You fellas probably have a bunch of GC experts in house.  Grab one and
show them your logs or post here and we can take a looksee.

St.Ack


>
> -----Original Message-----
> From: saint....@gmail.com [mailto:saint....@gmail.com] On Behalf Of Stack
> Sent: Tuesday, January 26, 2010 8:32 AM
> To: hbase-dev@hadoop.apache.org
> Subject: Re: scanner lease expired/region server shutdown
>
> This is suspicious.  Make sure that second line in master or
> regionserver log where it prints out ulimit for the process has 64k
> (and not 1024).  You may not have set it for the DN user or setting it
> on your linux may be ornery (See
> http://wiki.apache.org/hadoop/Hbase/Troubleshooting#A6 for note about
> red hat based systems have upper bound for system, or here, where an
> interesting issue around kernel limits:
> http://wiki.apache.org/hadoop/Hbase/FAQ#A6).
> St.Ack
>
> On Tue, Jan 26, 2010 at 7:10 AM, Kannan Muthukkaruppan
> <kan...@facebook.com> wrote:
>>
>> Looking further up in the logs (about 20 minutes prior in the logs when 
>> errors first started happening), I noticed the following.
>>
>> btw, ulimit -a shows that I have "open files" set to 64k.

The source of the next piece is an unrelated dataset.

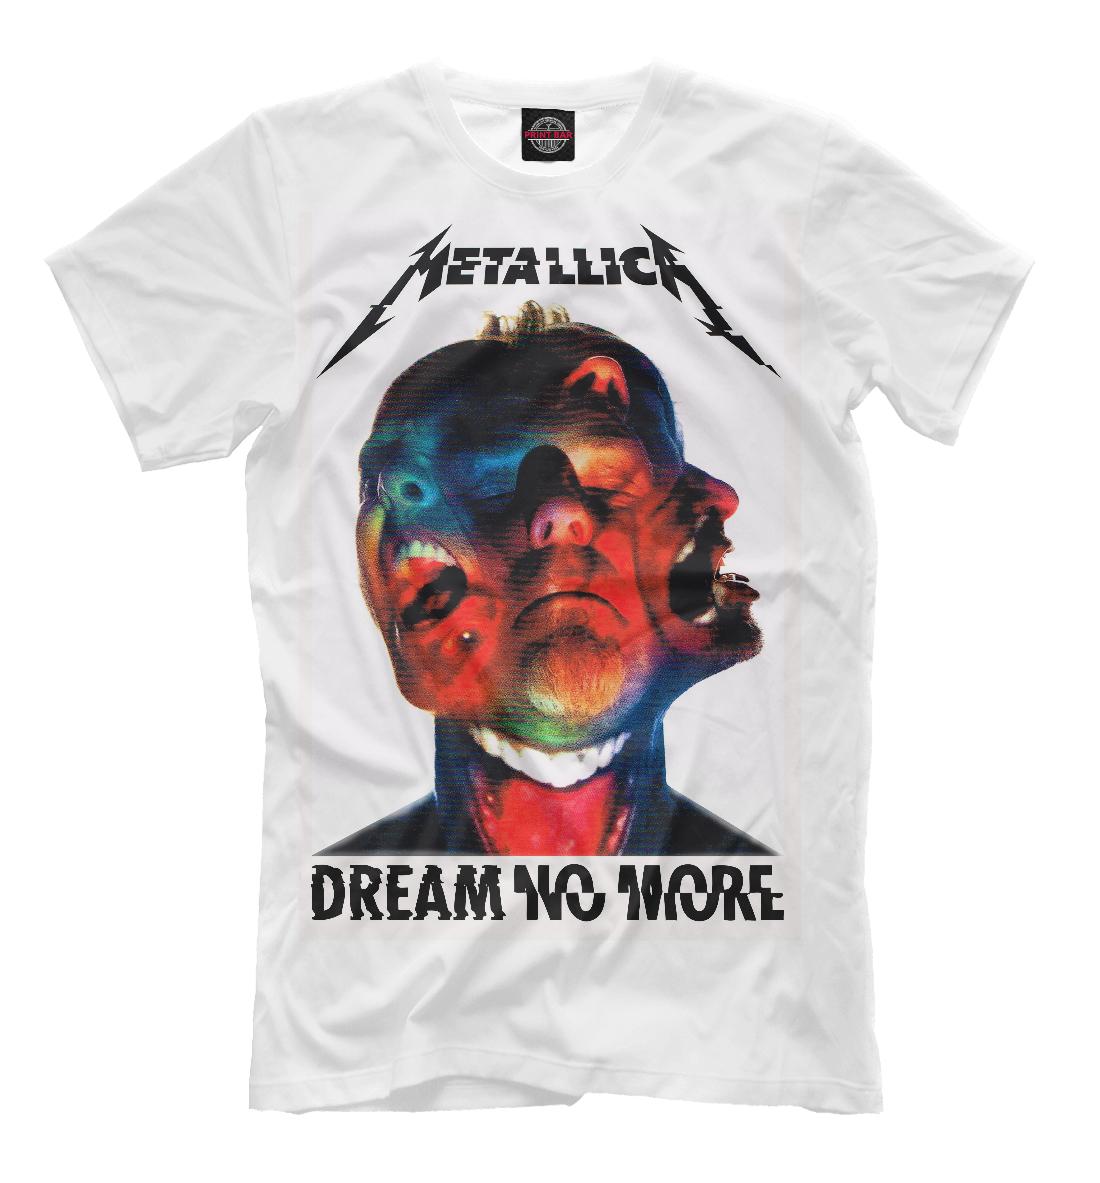 Купить Metallica Dream No More, Printbar, Футболки, MET-651214-fut-2

Is that not 
>> sufficient?
>>
>> 2010-01-25 11:10:21,774 WARN 
>> org.apache.hadoop.hdfs.server.datanode.DataNode: 
>> DatanodeRegistration(10.129.68.212:50010, 
>> storageID=DS-1418567969-10.129.68.212-50010-1263610251776, infoPort=50075, 
>> ipcPort=50020):Data\
>> XceiveServer: java.io.IOException: Too many open files
>>        at sun.nio.ch.ServerSocketChannelImpl.accept0(Native Method)
>>        at 
>> sun.nio.ch.ServerSocketChannelImpl.accept(ServerSocketChannelImpl.java:145)
>>        at sun.nio.ch.ServerSocketAdaptor.accept(ServerSocketAdaptor.java:84)
>>        at 
>> org.apache.hadoop.hdfs.server.datanode.DataXceiverServer.run(DataXceiverServer.java:130)

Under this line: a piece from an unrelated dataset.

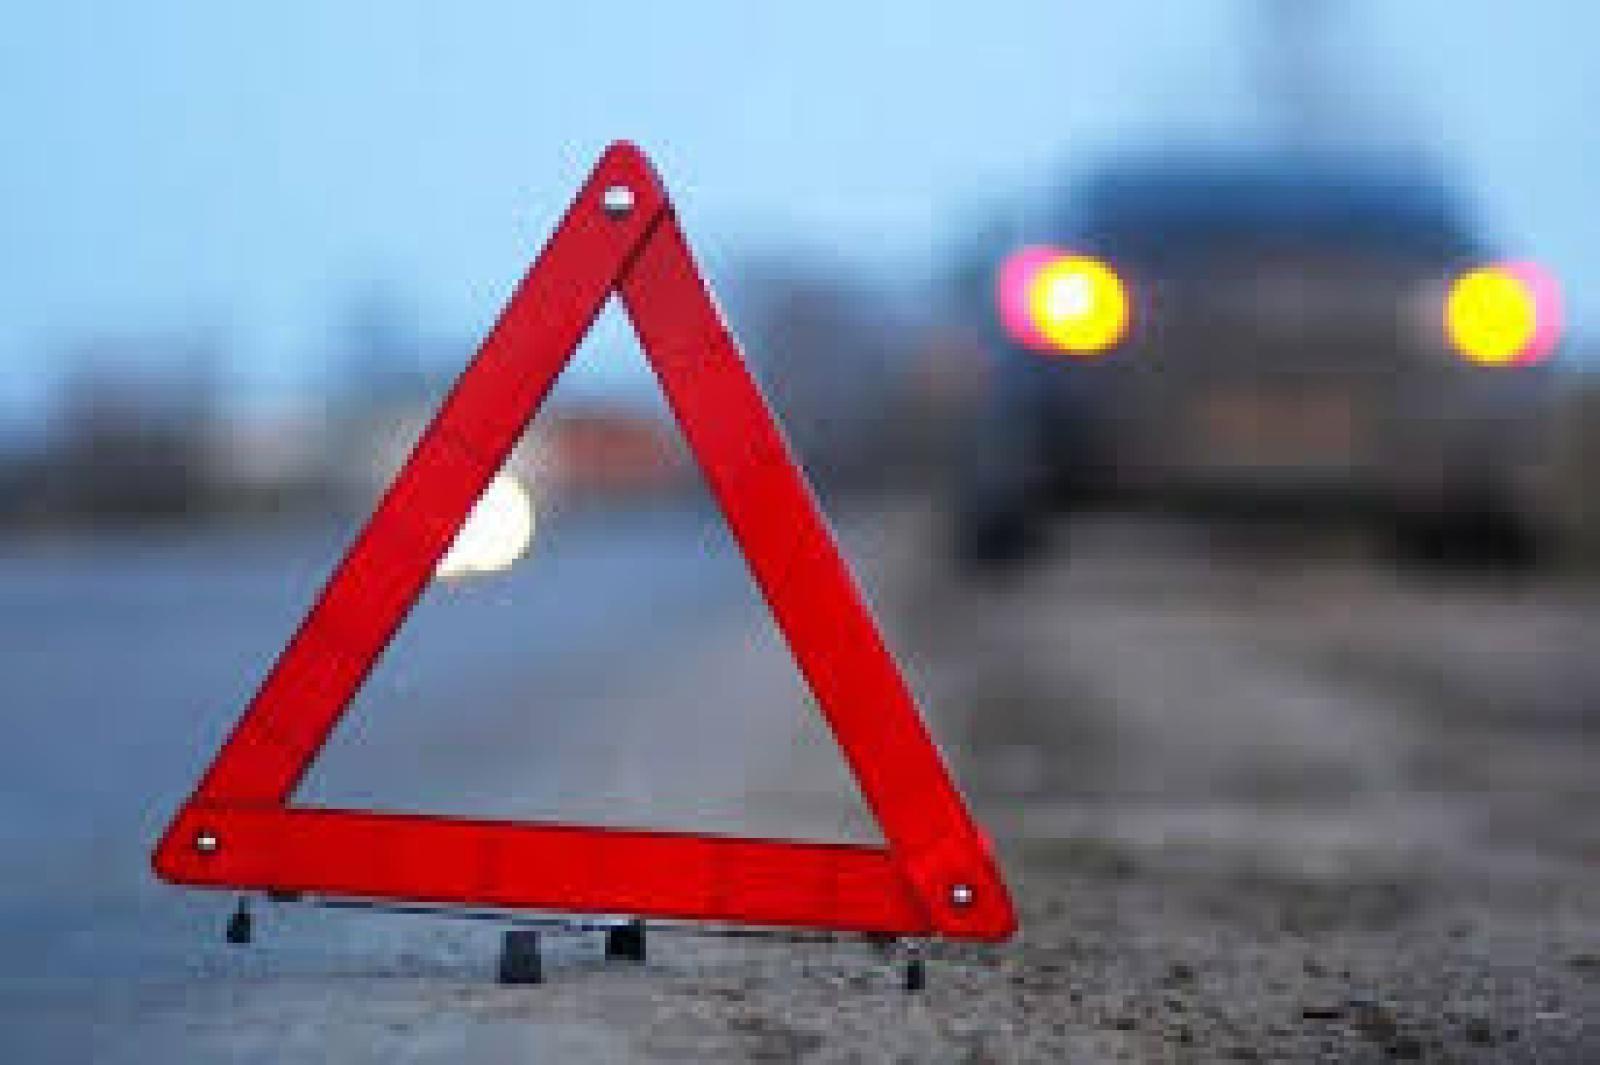 Вмассовом ДТП наКоммунальном мосту пострадало два человека

>>        at java.lang.Thread.run(Thread.java:619)
>>
>> 2010-01-25 11:10:21,566 WARN 
>> org.apache.hadoop.hdfs.server.datanode.DataNode: 
>> DatanodeRegistration(10.129.68.212:50010, 
>> storageID=DS-1418567969-10.129.68.212-50010-1263610251776, infoPort=50075, 
>> ipcPort=50020):Got \
>> exception while serving blk_3332344970774019423_10249 to /10.129.68.212:
>> java.io.FileNotFoundException: 
>> /mnt/d1/HDFS-kannan1/current/subdir23/blk_3332344970774019423_10249.meta 
>> (Too many open files)
>>        at java.io.FileInputStream.open(Native Method)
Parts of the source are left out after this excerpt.